7. Suppose that real GDP is $500 and potential GDP is $1000, while the marginal
propensity to consume is 0.9. If the government is going to engage in
government spending and does not impose taxes, what specific fiscal policy
action should policy makers take?

Correct Answer:
The MPC = 0.9, so the multiplier is 1 / (1 – 0.9) = 10. Because real GDP needs to
increase by $500, government spending must increase by $50.
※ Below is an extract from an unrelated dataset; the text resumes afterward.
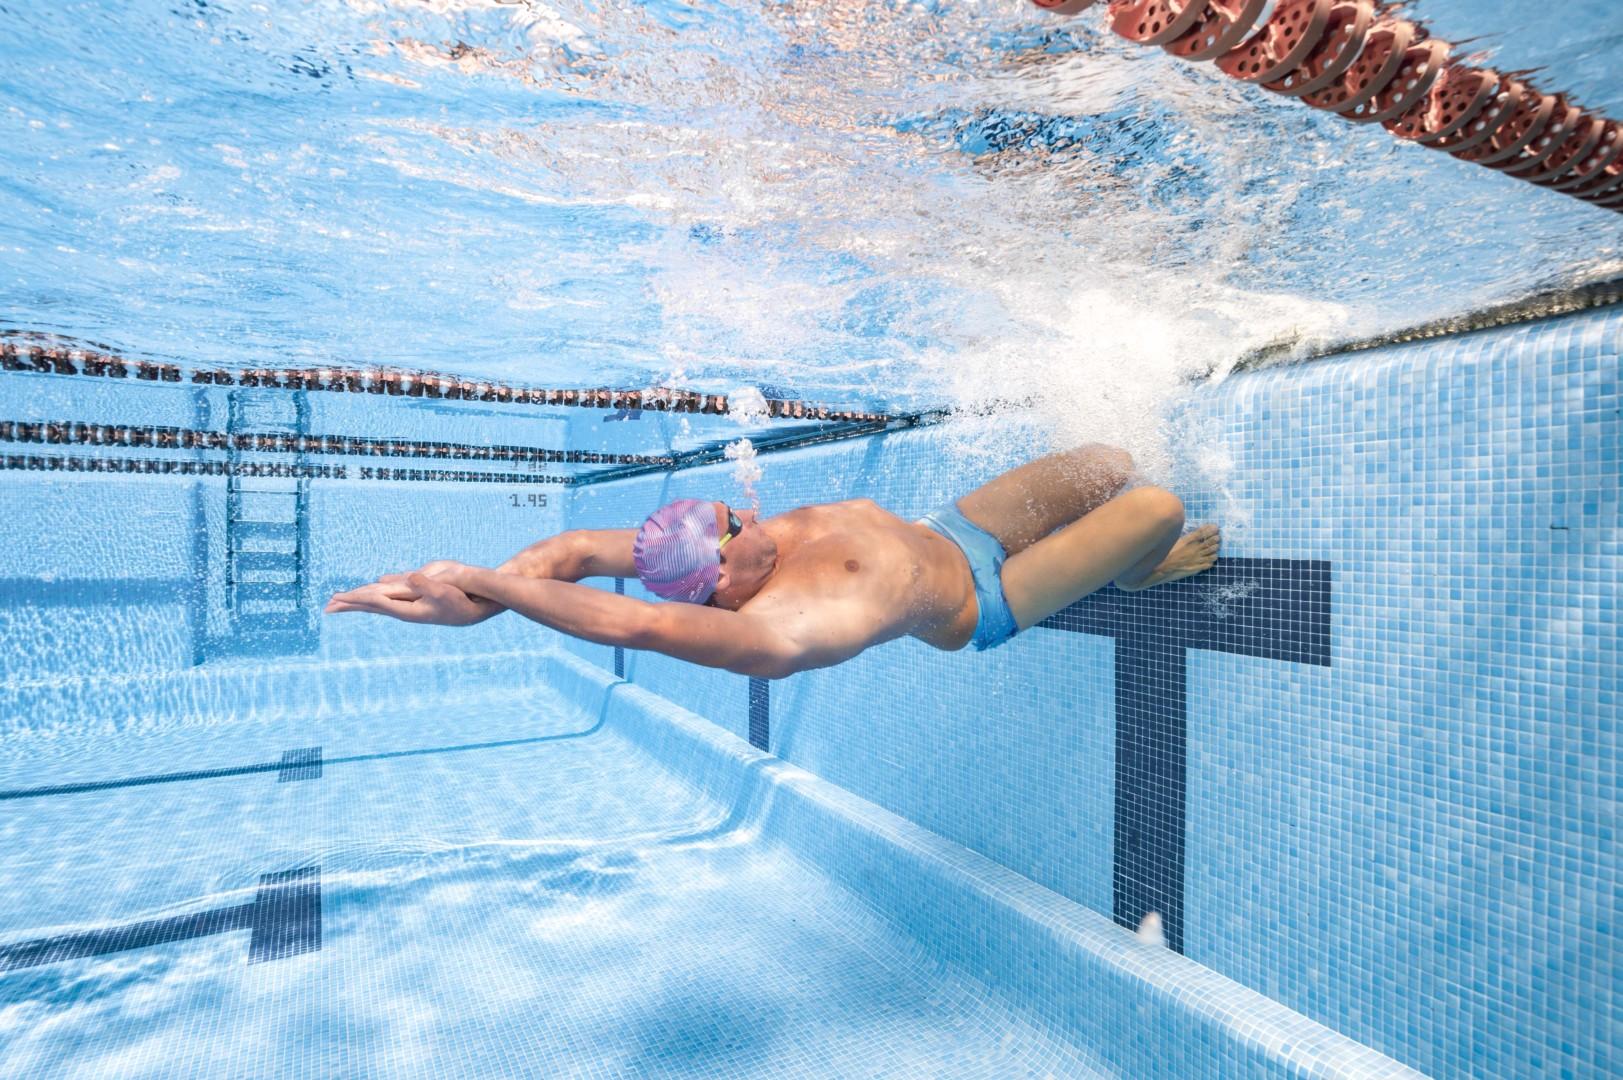 Hogyan segít az úszás a fogyásban?

8. Donald owns several hotels in New York, Las Vegas, and other centers of
tourist activity. Much of Donald's hotel revenue comes from European tourists.
Suppose the U.S. dollar depreciates against the euro. Explain how this will
affect Donald's hotel business.

Correct Answer:
When the dollar depreciates against the euro, the dollar becomes less expensive
to purchase with those euros. Because Donald's hotel rates are quoted in dollars,
those prices just fell for European tourists. Donald's hotel business should expect
increased revenue from Europeans, who now find it less expensive to travel to the
United States.

9. Explain why a recession would, all else equal, decrease the demand for
money.

Correct Answer:
Households hold money to make purchases. A recession is going to decrease real
GDP and the number of purchases made by most households, thus shifting the
money demand curve to the left.

10. Suppose that on January 1 the exchange rate was ¥120 per U.S. dollar. On
December 31 of that year, a person needed ¥125 to buy $1. Over the course of
that year, did the dollar appreciate or depreciate against the yen? Did the
change in the exchange rate make American goods and services more or less
attractive to Japanese consumers? Explain.
Correct Answer:
At the end of the year, it took more yen to buy a dollar. In other words, the price of
a dollar has increased, or appreciated. Because it takes more yen to buy a dollar,
the price of American goods to Japanese consumers will increase. As a result,
American goods will be less attractive to Japanese consumers.